Крупный песок, потревоженный его движением, некоторое время продолжал с шумом сыпаться вниз. На всякий случай Конан перестал шевелиться. Мало ли кто прислушивается к каждому шороху, выжидая удобного мгновения, чтобы напасть. Однако никаких посторонних звуков не последовало. И нигде никаких признаков света.

А может... может, свет и был, только он, Конан, его видеть не мог?.. Что, если его ослепило?.. Киммериец заморгал и снова принялся выворачивать шею – не сочится ли свет откуда-нибудь сверху, из трещин? Ничего! Он утешился тем, что, как ни болела у него голова, глаза были вроде бы ни при чем, болел в основном один висок. На всякий случай Конан решил считать, что со зрением у него все в порядке, просто он в самом деле угодил в кромешную тьму.

Еще некоторое время он тщетно напрягал слух, потом стал пробовать, годятся ли на что-нибудь его покрытые синяками, ободранные руки и ноги.

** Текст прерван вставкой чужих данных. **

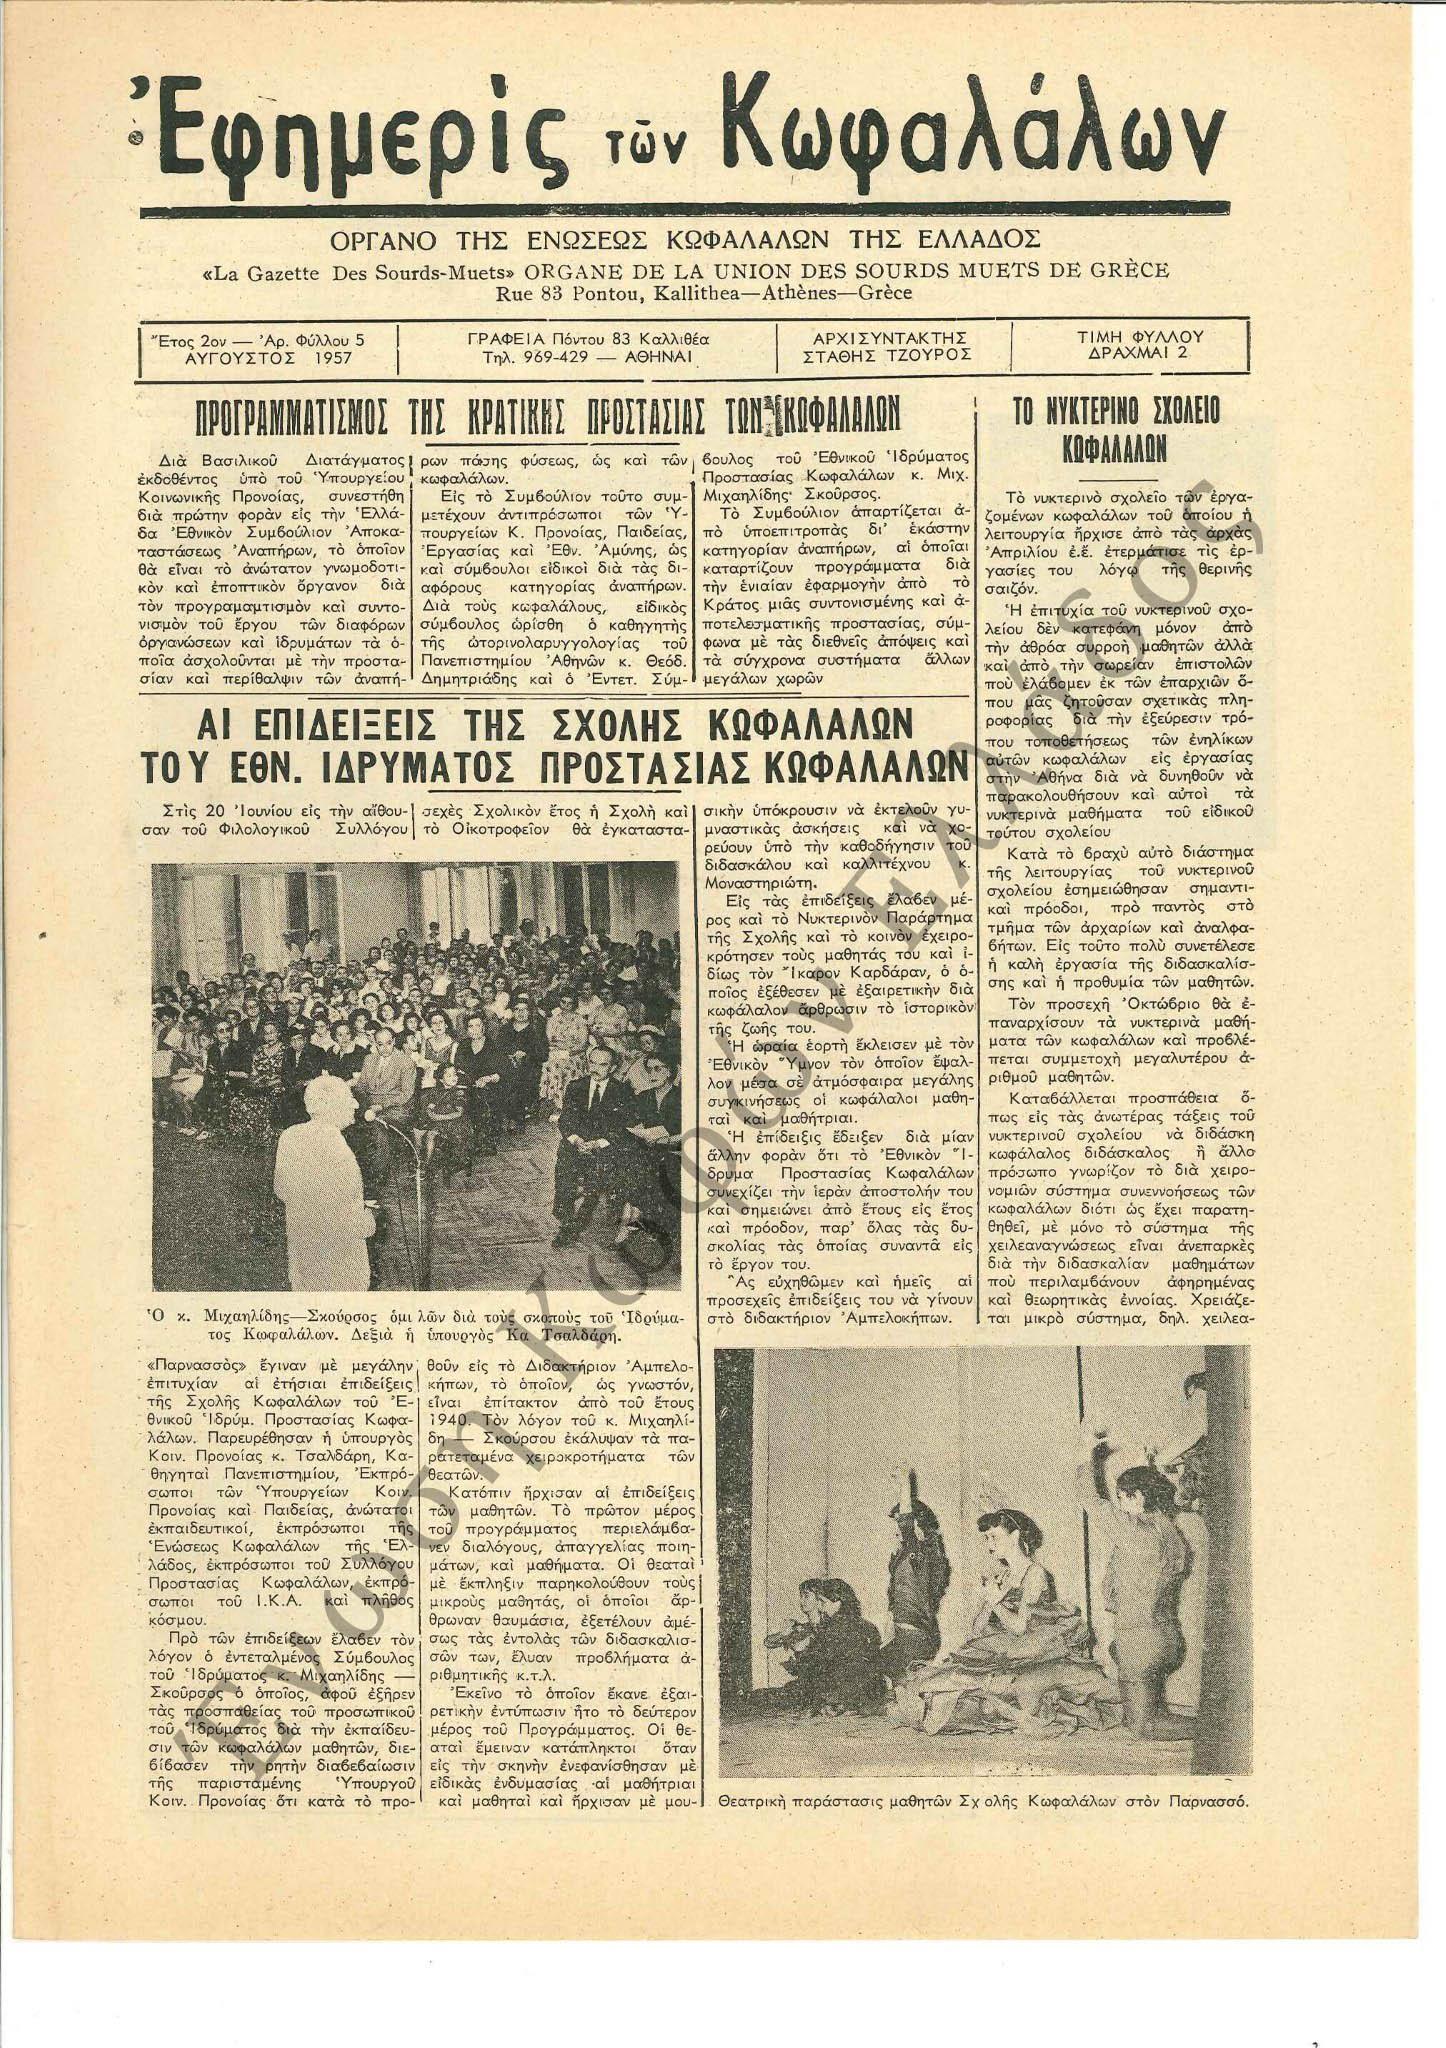 Εφημερίς των Κωφαλάλων 1957-Αύγουστος 1

Все тело было сплошь засыпано кучей битого камня, но, как оказалось, высвободиться было можно. Конан приступил к этому со всей осторожностью, хорошо понимая, что одно торопливое движение вполне может превратить нависший сверху обломок в топор палача. В этом он убедился, выпростав одну руку и аккуратно ощупав, что там такое делается возле его шеи.

В одном месте у головы обнаружилось пустое пространство. Конан изгибал спину, стараясь не обращать внимания на боль, пока не сумел вывернуться из ловушки. Некоторое время он отдыхал, лежа на угловатых камнях. Потом попробовал сдвинуться еще дальше, но это движение оказалось роковым. Конан все-таки стронул шаткие камни – и поехал вперед головой вниз, в широкую трещину, по пути, проложенному обвалом.

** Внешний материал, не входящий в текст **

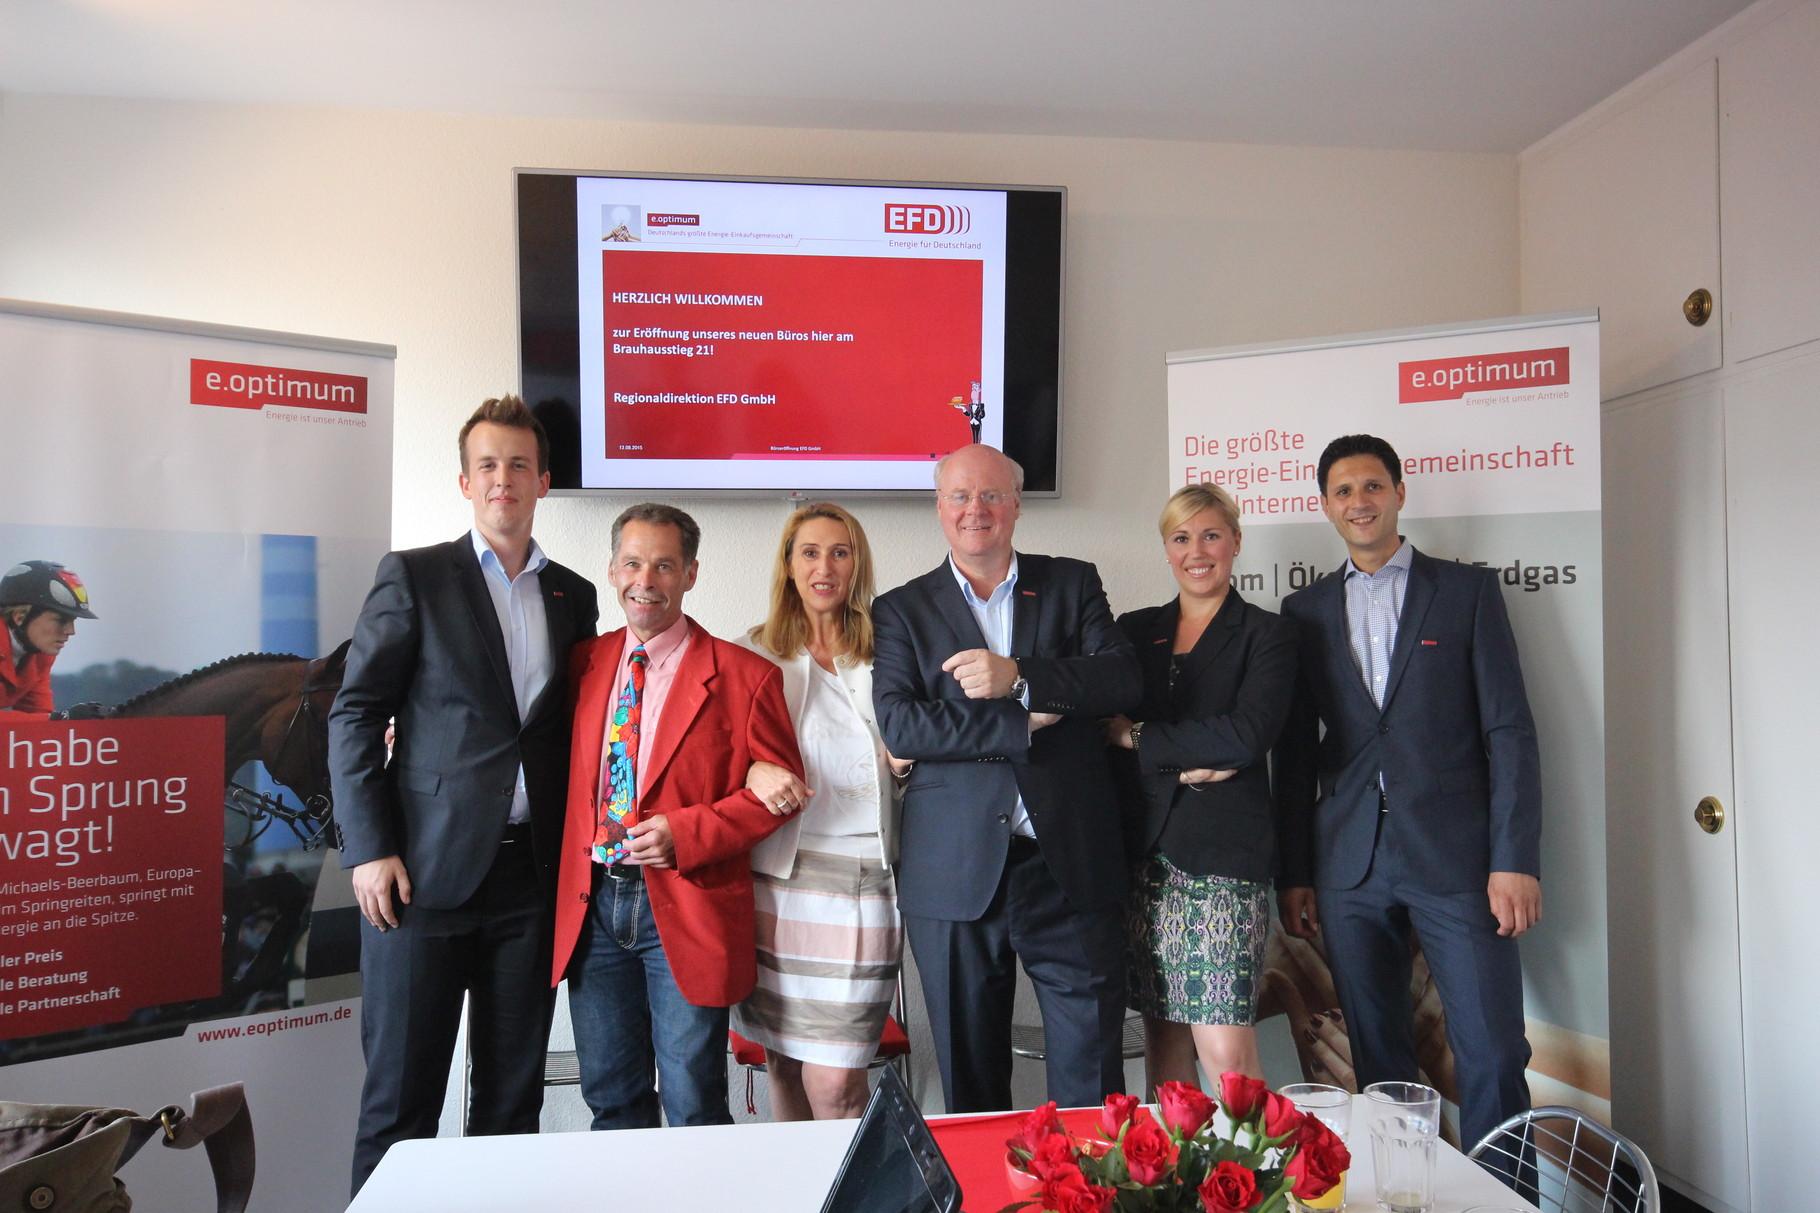 Das Team im Brauhausstieg Herr Fiehn,Herr Kuschmierz, Frau Zube, Herr Engling, Frau Lorey und Herr Temel

По счастью, катиться далеко не пришлось, да и обломки, среди которых он падал, оказались не так велики. В конце концов Конан остановился, упираясь вытянутыми руками в холодную гладкую поверхность.

И снова он замер в неподвижности, ожидая, пока стихнет стук и шорох маленькой лавины. Никаких признаков погони по-прежнему не обнаруживалось. Конан решился наконец отпустить одну руку и ощупать больной висок. Кости были целы, только набухла изрядная шишка. Очень осторожно Конан приподнялся на четвереньки и вылез на твердь скалы.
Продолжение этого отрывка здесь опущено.